Его реакция исчезает так же быстро, как и появилась. Вместо этого садистский блеск устремляется вперед, фригидный холод окутывает его, как когда он собирается надеть свою шляпу мудака.

— Ты находилась в таком отчаянии, да?

Я игнорирую его слова и резко втягиваю воздух через рот.

— Я была так влюблена в тебя.

Он разражается смехом, и я чувствую, как мое сердце разбивается на кусочки у его ног, со всей своей кровью, тоской и глупыми проклятыми чувствами, которые я хранила годами.

— О, прости. — он медленно останавливает свой маниакальный смех. — Это не должно было быть смешно? Потому что единственное, что я помню о тебе с тех пор, это твою стервозную, правоверную, сучью сущность, Николь. Ты была просто сукой, но ты пошла дальше и превратила это в историю любви. Безнадежный романтизм тебе очень идет, ведь ты такая чертовски наивная.

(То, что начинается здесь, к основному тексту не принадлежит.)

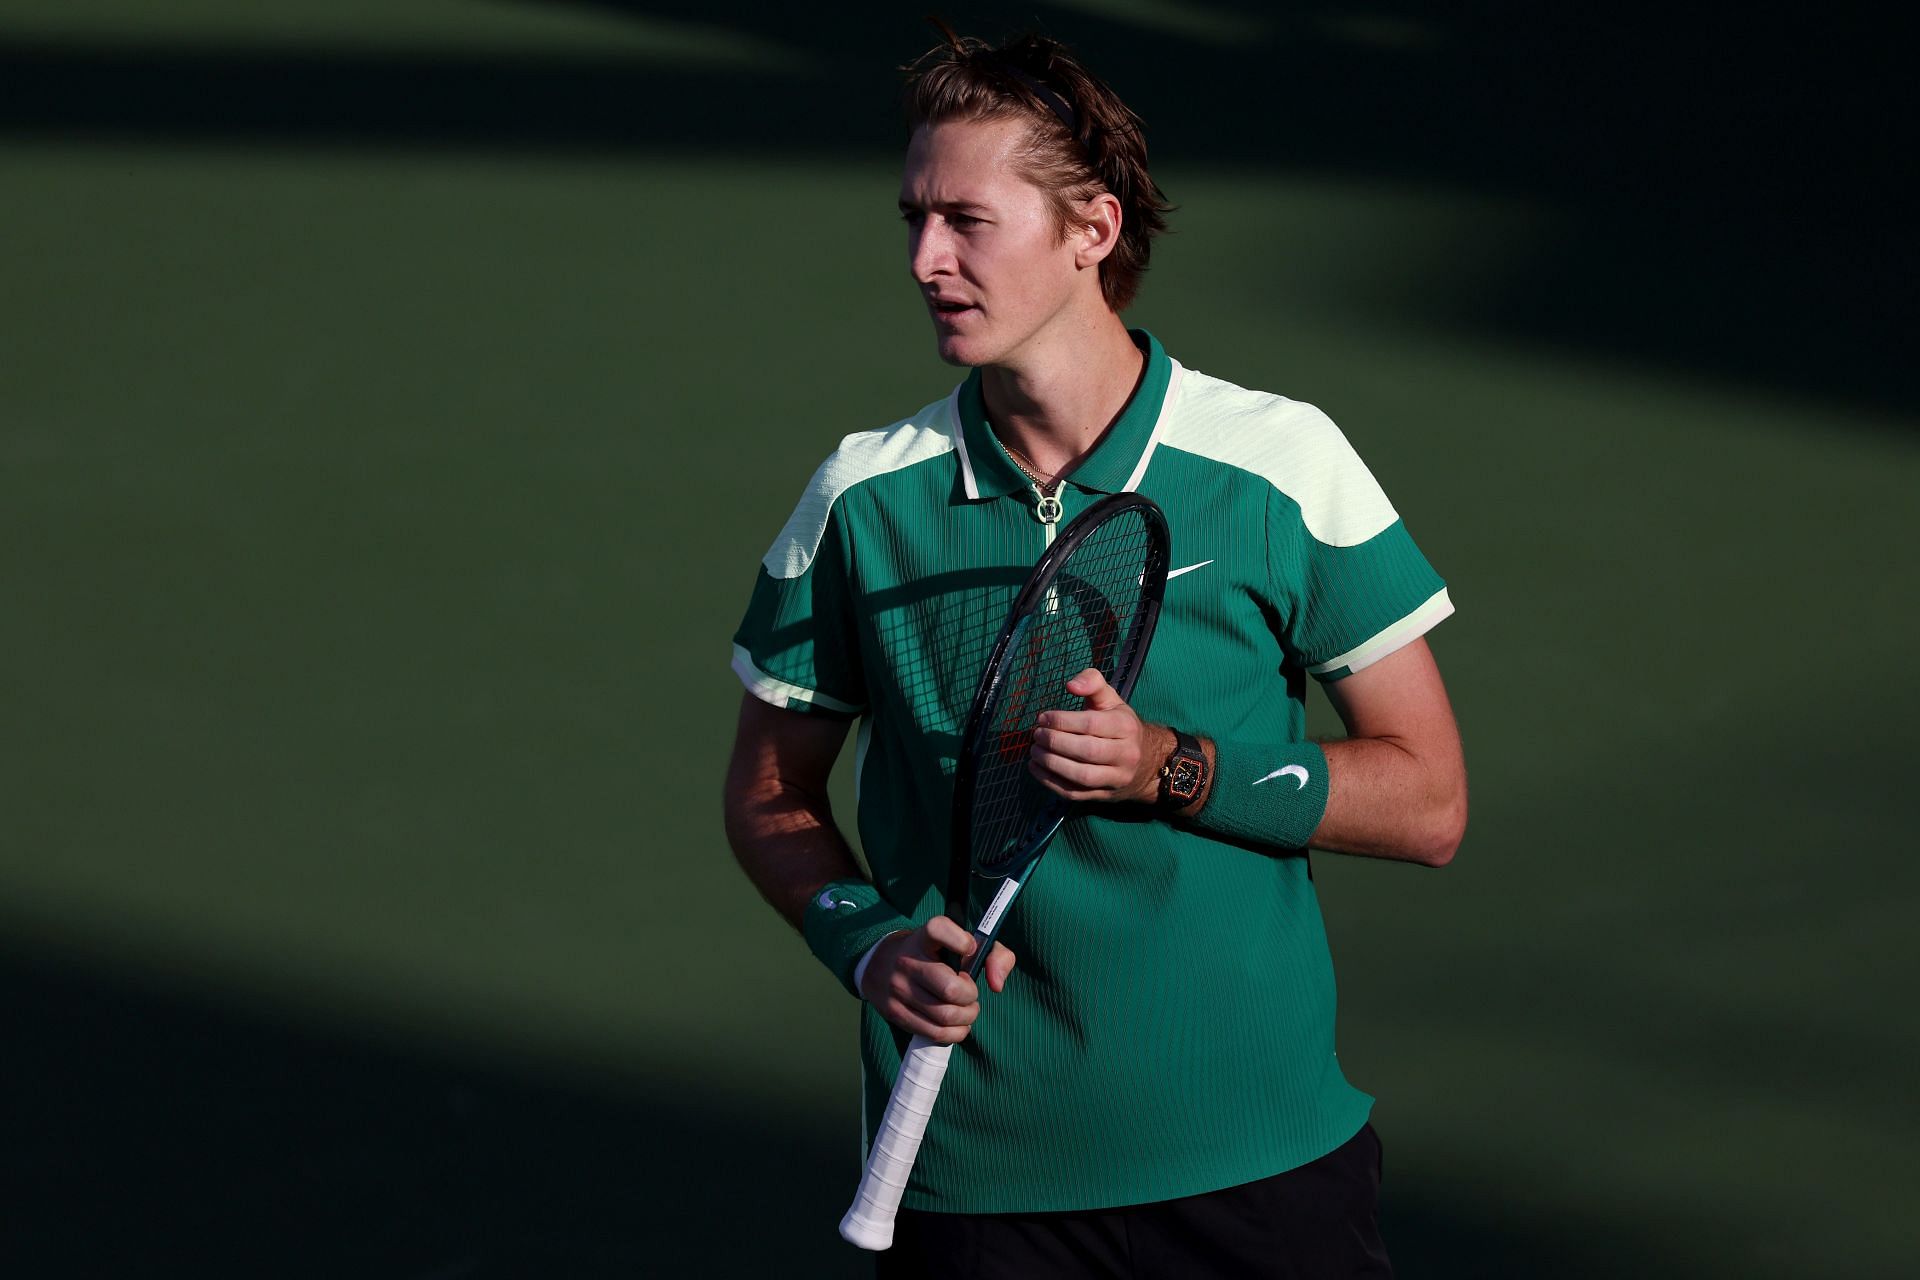 Sebastian Korda in action at the Dubai Tennis Championships

— Ты не это имеешь в виду, — возражаю я скорее себе, чем ему. — Я тебе нравилась, Дэниел, всегда нравилась. Тебе просто не приходился по душе этот факт. Я знаю это.

Его голос, который мгновение назад был насмешливым, понижает тон, но при этом остается громким.

— Ты ни черта не знаешь обо мне, Николь. Возможно, тебе стоит обратиться к кому-нибудь из-за твоих галлюцинаций и других проблем.

Комок застревает у меня в горле.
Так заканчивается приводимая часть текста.